Drax, whose power station burns woody biomass to generate electricity, is being hauled up in court by the Health and Safety Executive (HSE) on two offences, Sky News can reveal.
The power giant is accused of exposing employees to wood dust at its Selby plant, thereby risking their “health, safety and welfare at work”.
It is also charged with breaching risk assessment obligations before allowing employees to work with potentially “hazardous substances” at the biomass station, which is the largest in the UK.
A Drax spokesperson told Sky News in a statement: “The health, safety and wellbeing of our colleagues is a priority for Drax.
“As this is an ongoing legal issue we cannot provide any further information at this time.”
Drax has received many hundreds of millions of pounds in direct government subsidies for generating renewable electricity, totalling £790m in 2019 and £832m in 2020, according to analysis by clean energy think tank Ember.
Ember’s chief operating officer and lead UK analyst, Phil MacDonald, told Sky News: “I very much hope that the health of workers has not been ignored as the UK has embraced biomass as a climate-friendly electricity source.”
Even though burning biomass releases greenhouse gases, it can be considered renewable because plants suck up gases like carbon dioxide as they re-grow.
In the early years of biomass, some hoped only waste products would be burned, which would have soon decomposed and released carbon anyway.
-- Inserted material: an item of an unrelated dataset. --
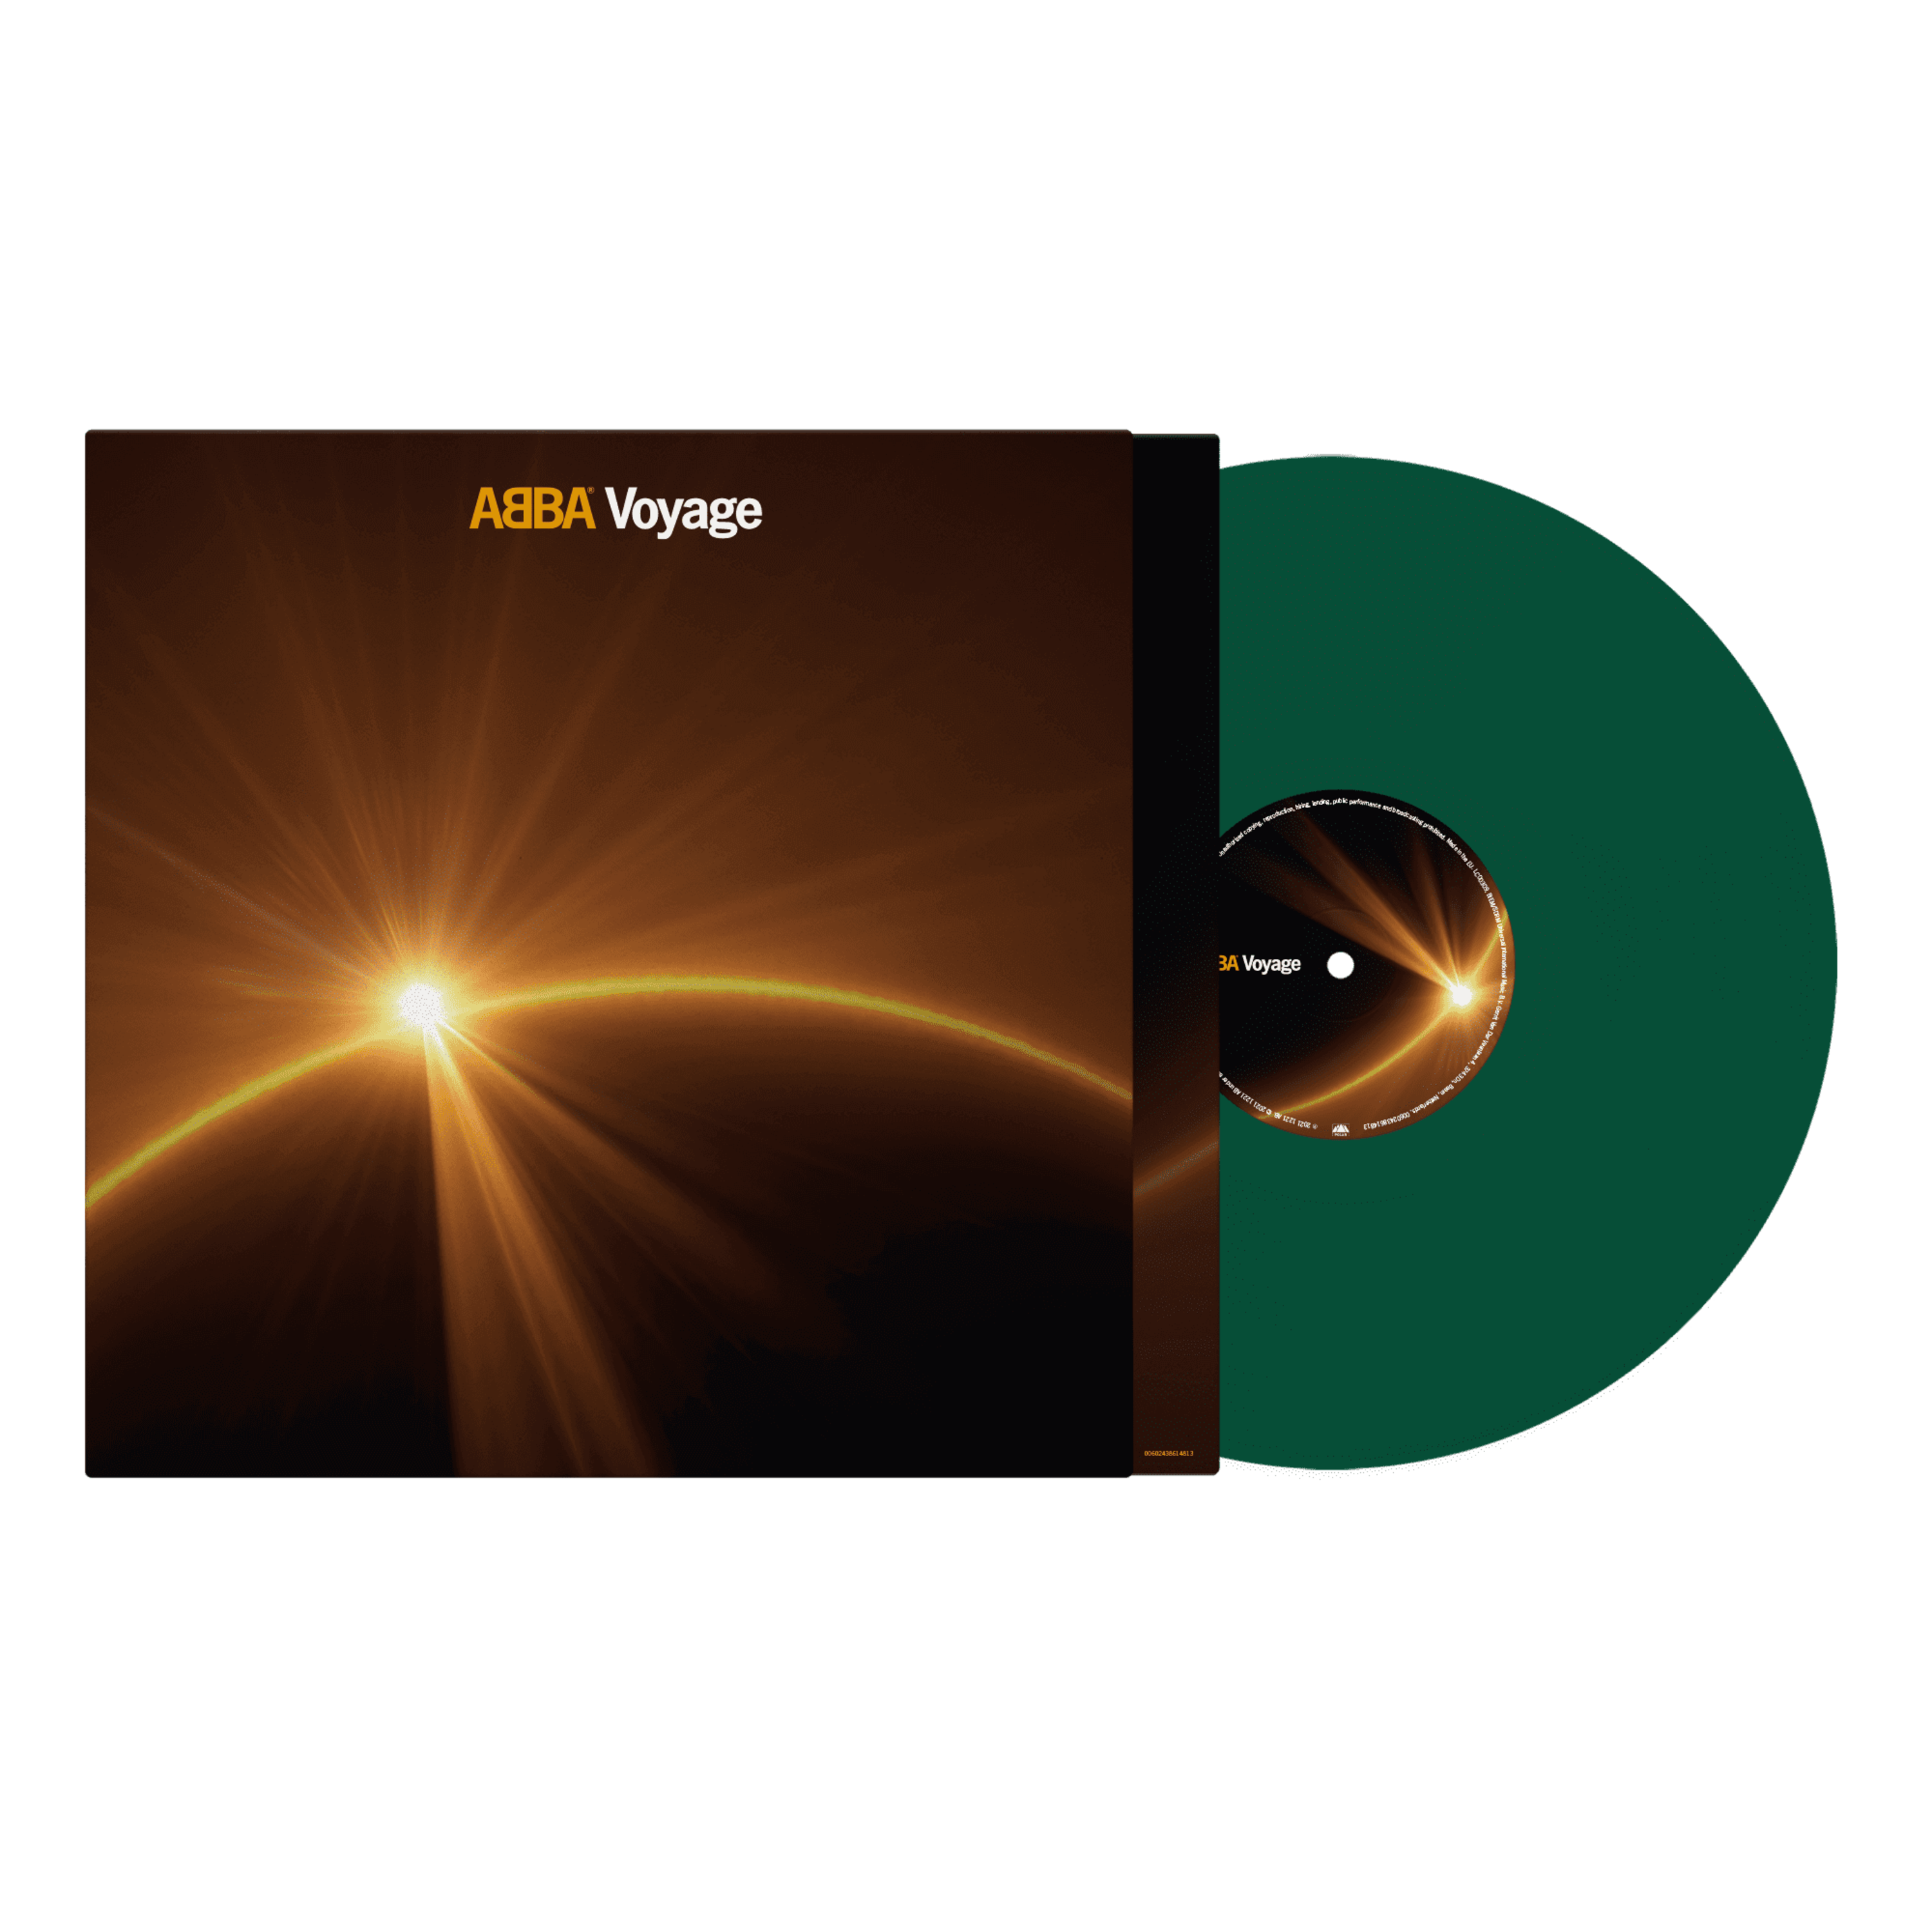 https://images.bravado.de/prod/product-assets/product-asset-data/abba/abba/products/138730/web/303320/image-thumb__303320__3000x3000_original/ABBA-Voyage-Store-Exclusive-Green-Vinyl-Vinyl-138730-303320.png

However, a huge industry of harvesting trees for wood pellets has emerged and this is how Drax sources much of its biomass.
According to almost 800 scientists, who in 2018 wrote a letter to the European parliament, using wood deliberately harvested for burning will increase carbon in the atmosphere and warming for decades at least, even when wood replaces coal or oil, and even if the forest management is “sustainable”.
Ember’s Mr MacDonald said: “Looking at the bigger picture, the UK still treats burning wood in power stations as if it were carbon neutral, despite recent science demonstrating this is unlikely to be true.
“The UK government needs to fundamentally reassess the costs and benefits of the technology before releasing new subsidies to the industry.”
According to the HSE guidance on health and safety legislation, employers must not exceed a workplace limit on wood dust exposure, and control measures include dust extraction, respirators and skin checks.
The first hearing is expected at 10am on 30 November 2021 at Leeds Magistrate Court.